ARDEA — Il 27 maggio a Tor San Lorenzo, frazione di Ardea, il benzinaio 36enne Nahid Miah è stato ucciso durante una rapina. L’autore del delitto, Marco Adamo, 18 anni, è stato arrestato il 31 maggio e ha confessato l’omicidio.
L’aggressione e la fuga su una moto rubata
Secondo quanto ricostruito dai carabinieri, Adamo ha raggiunto la stazione di servizio Toil indossando un casco integrale e abiti scuri. Dopo aver colpito Miah con una coltellata al cuore, si è impossessato di 570 euro, l’incasso della mattinata, ed è fuggito. Il giovane era a bordo di una moto rubata, una Bmw GS 650 bianca, poi ritrovata bruciata in un bosco di Ardea.
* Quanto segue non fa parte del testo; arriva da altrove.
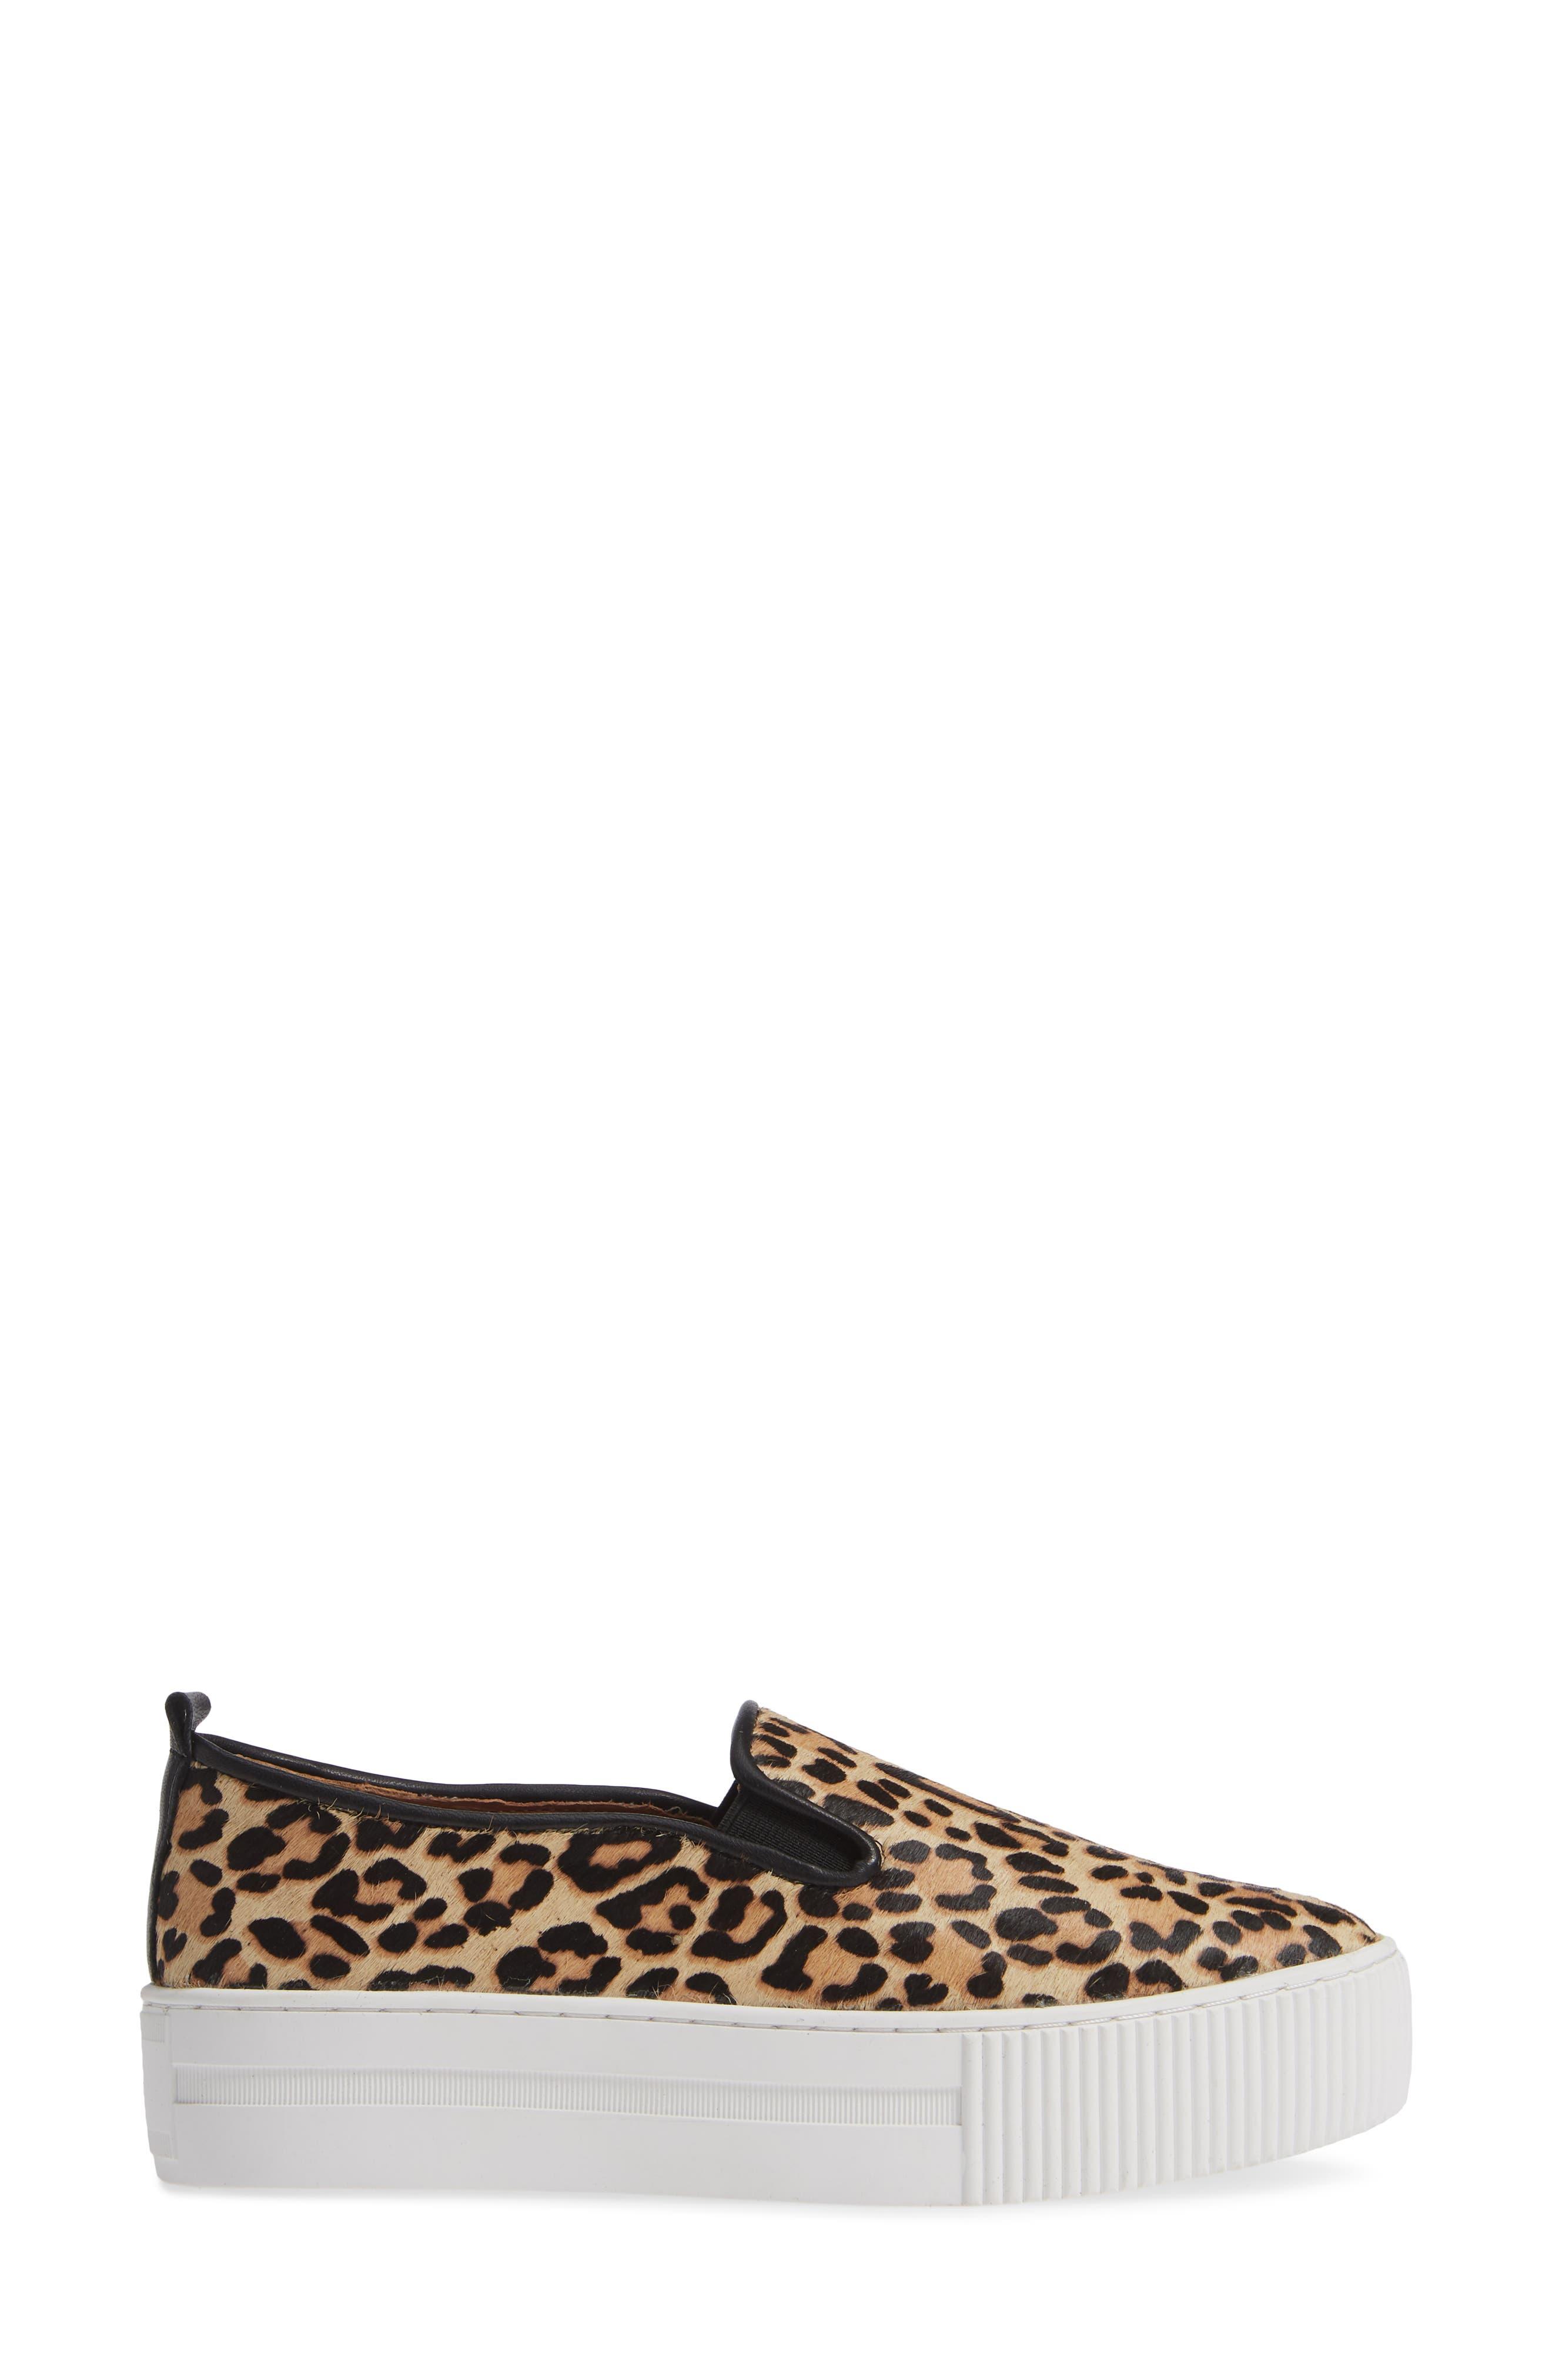 Baylee Platform Slip-On Sneaker,                             Alternate thumbnail 3, color,                             LEOPARD HAIRCALF

Indagini rapide e fermo convalidato
Le indagini, coordinate dalla Procura di Velletri, hanno permesso l’identificazione del sospetto grazie alle immagini delle telecamere di videosorveglianza e all’analisi dei tabulati telefonici. I militari hanno rintracciato Adamo a Cisterna di Latina, dove si nascondeva in un’abitazione. Il giovane ha confessato e ha indicato il luogo dove aveva nascosto il coltello, ancora sporco di sangue. Il giudice ha convalidato il fermo: è detenuto nel carcere di Velletri.
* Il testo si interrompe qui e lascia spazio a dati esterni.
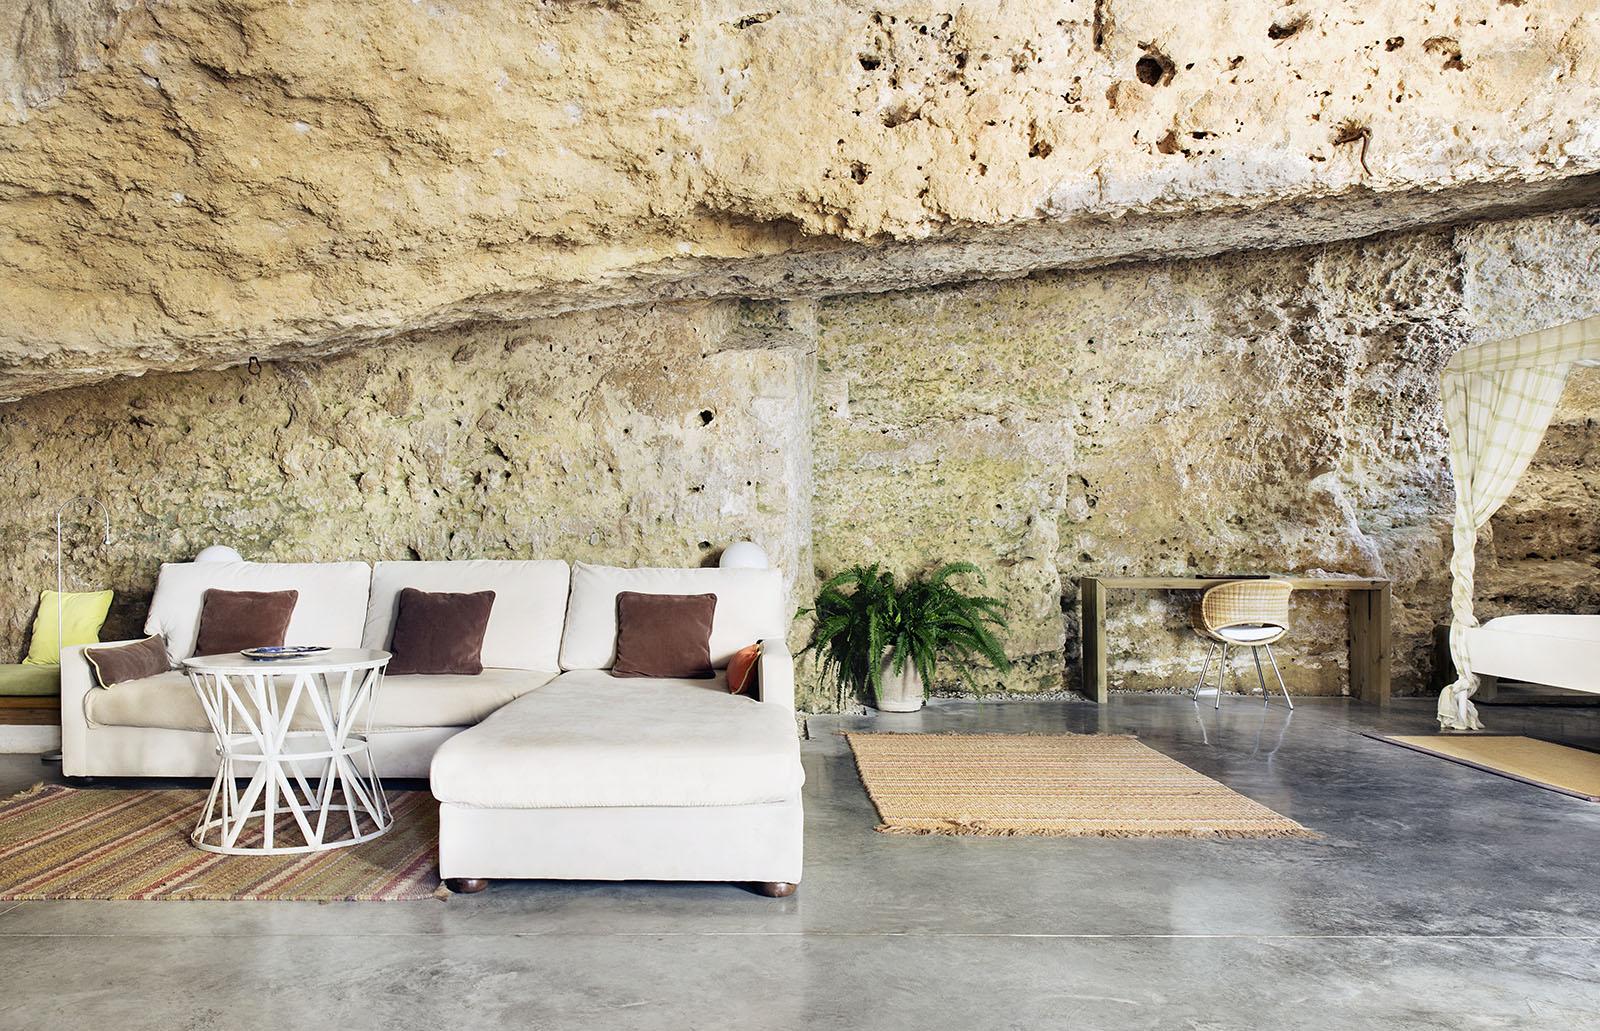 4. Cave House in Villarrubia Córdoba - Casa Tierra: a Cave House in Córdoba by UMMO Estudio

La vittima: un padre di famiglia conosciuto da tutti
Nahid Miah era originario del Bangladesh, sposato e padre di due figli. Da anni gestiva il distributore in cui è stato aggredito ed era benvoluto nella comunità. La moglie, Rita Rahman Bristy, ha chiesto giustizia e ha espresso timore per il futuro della propria famiglia. Numerosi residenti hanno ricordato Miah come un lavoratore serio e disponibile.
Fiaccolata a Tor San Lorenzo per chiedere giustizia
Giovedì 30 maggio, a tre giorni dall’omicidio, la comunità locale ha organizzato una fiaccolata in memoria di Nahid Miah. Il corteo silenzioso è partito da piazza del Donatore, a breve distanza dalla stazione di servizio, e ha visto la partecipazione di centinaia di persone. In prima fila la moglie con i figli, insieme al sindaco di Ardea Maurizio Cremonini e ai rappresentanti delle comunità bengalesi del territorio.
Solidarietà e richieste di maggiore sicurezza
Durante la manifestazione sono state accese candele e lasciati messaggi di cordoglio nei pressi del luogo dell’aggressione. I cittadini hanno espresso preoccupazione per la sicurezza del quartiere e chiesto interventi concreti da parte delle istituzioni. Il sindaco ha ribadito il sostegno del Comune alla famiglia e l’impegno a garantire maggiore controllo del territorio.
Nuova fiaccolata il 7 giugno a Pomezia
Una nuova fiaccolata si terrà venerdì 7 giugno alle ore 20:30 a Pomezia, in Piazza Indipendenza. L’iniziativa, promossa da associazioni locali e membri della comunità bengalese, intende mantenere alta l’attenzione sull’accaduto e ribadire la richiesta di giustizia e sicurezza per tutti i cittadini del territorio.